For example, Kayma sells a popular pistachio baklawa (a pastry similar to baklava); it didn’t go well the first time she tried to bake it with American honey. “Here [in the United States] the honey is so sweet,” she says. “The first time I did my baklawa it was so sweet you couldn’t eat it.” She had to adapt her food to American ingredients. 

“For my menu, I try to serve Algerian dishes with an American touch,” Bahloul says.

As for the kesra rakhsis, Bahloul learned how to make it from her mother, an accomplished cook and culinary instructor. For her dough, Bahloul uses traditional semolina flour, which is made from whole-grain durum wheat, the same wheat used to make couscous, the national food of Algeria. Semolina has a higher protein content than all-purpose flour and makes for a chewy bread with deep flavor and a yellow tinge.

To the semolina, Bahloul adds sugar, salt, yeast, and a mix of seeds: deeply toasted sesame seeds, chia seeds (“an American touch”), and what she calls black onion seeds (often labeled as nigella seeds in the United States). The nigella seeds look similar to black sesame seeds, but they have a richer, deeper flavor. 

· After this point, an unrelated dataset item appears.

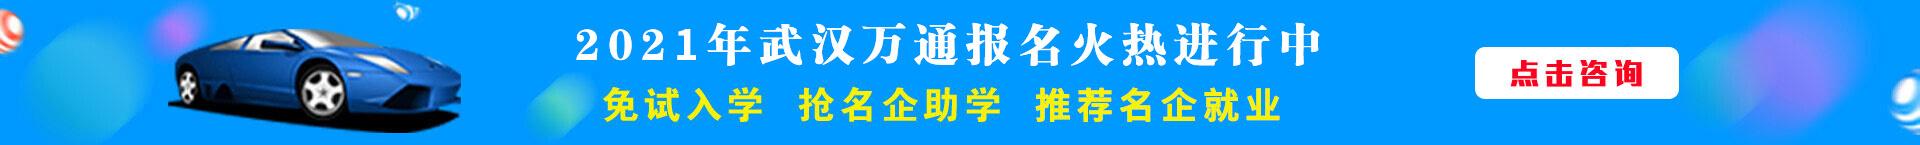 夏秋季预报名-武汉万通汽车学校

Making the dough for kesra rakhsisMaking the dough for kesra rakhsis

Bahloul making the kesra rakhsis dough.

She brings the dough together with water (warmed to help jump-start the yeast) and olive oil—preferably Algerian, when she can source it. While most Italian and Californian olive oils are made with green olives, Algerian olive oil is made with black olives, which give the oil a distinct flavor. But any good olive oil will work here. 

bag of semolinanigella seedsAlgerian olive oil

Key Ingredients for kesra rakhsis: Fine semolina flour, nigella seeds, and Algerian olive oil give this easy flatbread its distinctive flavor.

Traditionally, this thin bread is cooked for just a few minutes on the stovetop in an Algerian tagine (a sort of clay skillet without a handle). But Bahloul bakes hers for the restaurant in the oven, which makes it easier to do larger batches; this is an adaptation that she jokes that her family in Algeria would be skeptical of. She says that she likes it better when it’s cooked on the stove. (In our adapted recipe, we chose to cook the dough on the stovetop in a cast-iron skillet.) 

Kesra Rakhsis (Semolina Flatbread)

Can't make it to Kayma? With our simple recipe, you can make this delicious flatbread at home.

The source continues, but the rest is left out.